A Great Idea From Nassim Taleb: End Banker Bonuses

This is the best response to the 2008 financial crisis I have seen: An op-ed by Nassim Taleb that says end banker bonuses. They encourage risk-taking with other people’s money.

Separation of risk-taking from consequences (you gamble, if you lose, other people pay) is an ancient problem. The Chinese government would be wise to take a page from Hammurabi’s code, which Taleb quotes:

If a builder builds a house for a man and does not make its construction firm, and the house which he has built collapses and causes the death of the owner of the house, that builder shall be put to death.

During the Szechuan earthquake, hundreds of schoolchildren died when their schools collapsed. Surrounding buildings did not collapse. It turned out the schools were badly built. No builder was punished, much less put to death.

At the end of his op-ed, Taleb puts it very clearly and simply: “ bonuses and bailouts should never mix“.

Thanks to Dave Lull.

More Large areas of medicine consist of the doctor or someone else gambling with your health.

An especially clear example is surgery. Surgeon are paid per operation. The more operations they do, the more money they make. If an operation kills you, the surgeon is still paid. No penalty for a bad outcome. Wonderful for the surgeon, terrible for the rest of us. The more corrupt the surgeon, the more surgery they will recommend. Taleb’s idea suggests that surgeons pay a fine if a patient dies. The size of fines a surgeon would be willing to pay for bad outcomes would be helpful information for patients, who must decide what to do.

Drugs and medical devices are more subtle examples. You pay upfront for the drug or device, which are always expensive. They often have bad side effects, for which, of course, you pay. The drug company or device maker loses nothing. Wonderful for them, bad for the rest of us.

6 thoughts on “A Great Idea From Nassim Taleb: End Banker Bonuses

  1. Charging surgeons a fee when a patient dies doesn’t necessarily fix the problem. The problem is simply that the agent (in this case, the surgeon) is incentivized by something other than matching the patient’s intentions, and the system should try to be realigned to make that less the case.

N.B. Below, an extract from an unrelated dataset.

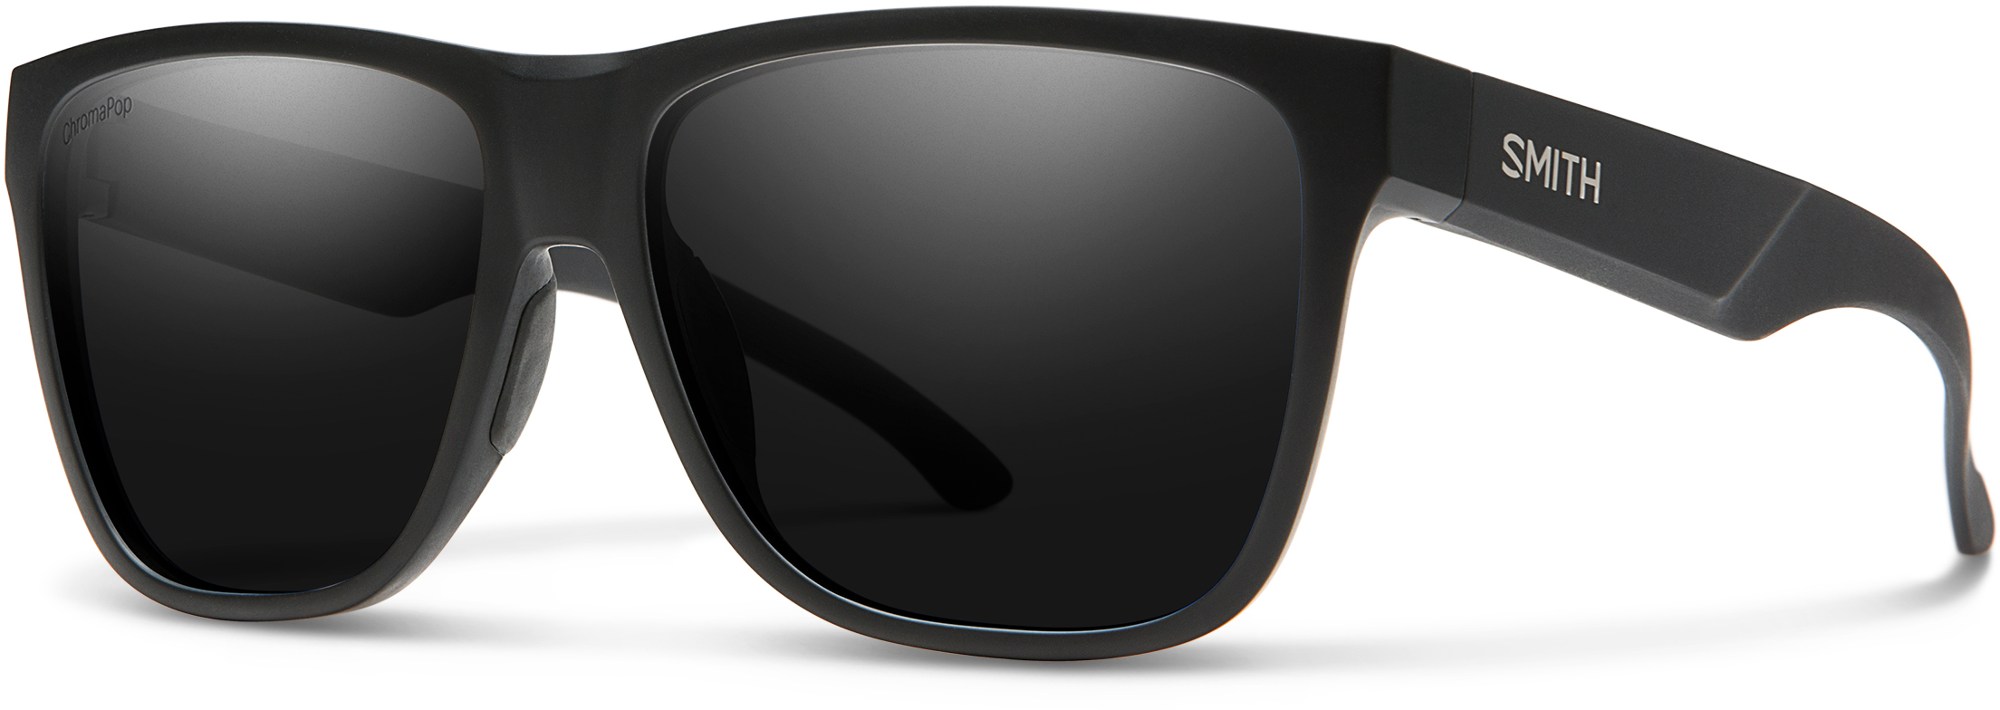 Поляризованные солнцезащитные очки Lowdown XL 2 ChromaPop Smith, черный цена и фото

A bigger problem that I think of in this case is — if a surgeon is paid per operation, how is a surgeon supposed to tell you that surgery may not be a good idea?

  2. If surgeons paid a fine when a patient died, they would be less likely to recommend surgery. A surgeon who lost more in fines than he gained in payments would quit doing surgery. Those are two ways in which the fines I propose would improve matters.

  3. Daniel, thanks for explaining your reasoning. What is your proposal for improving the situation? “Paying for good decisions” strikes me as too vague to be practical. The domain of “good decisions” can be anything. A surgeon would say if a patient survives, that shows the surgeon made “good decisions” during surgery. If a surgeon fails to give patient nutritional advice, is that a good decision, a bad decision, or no decision? If a primary care doctor fails to give nutritional advice, same question.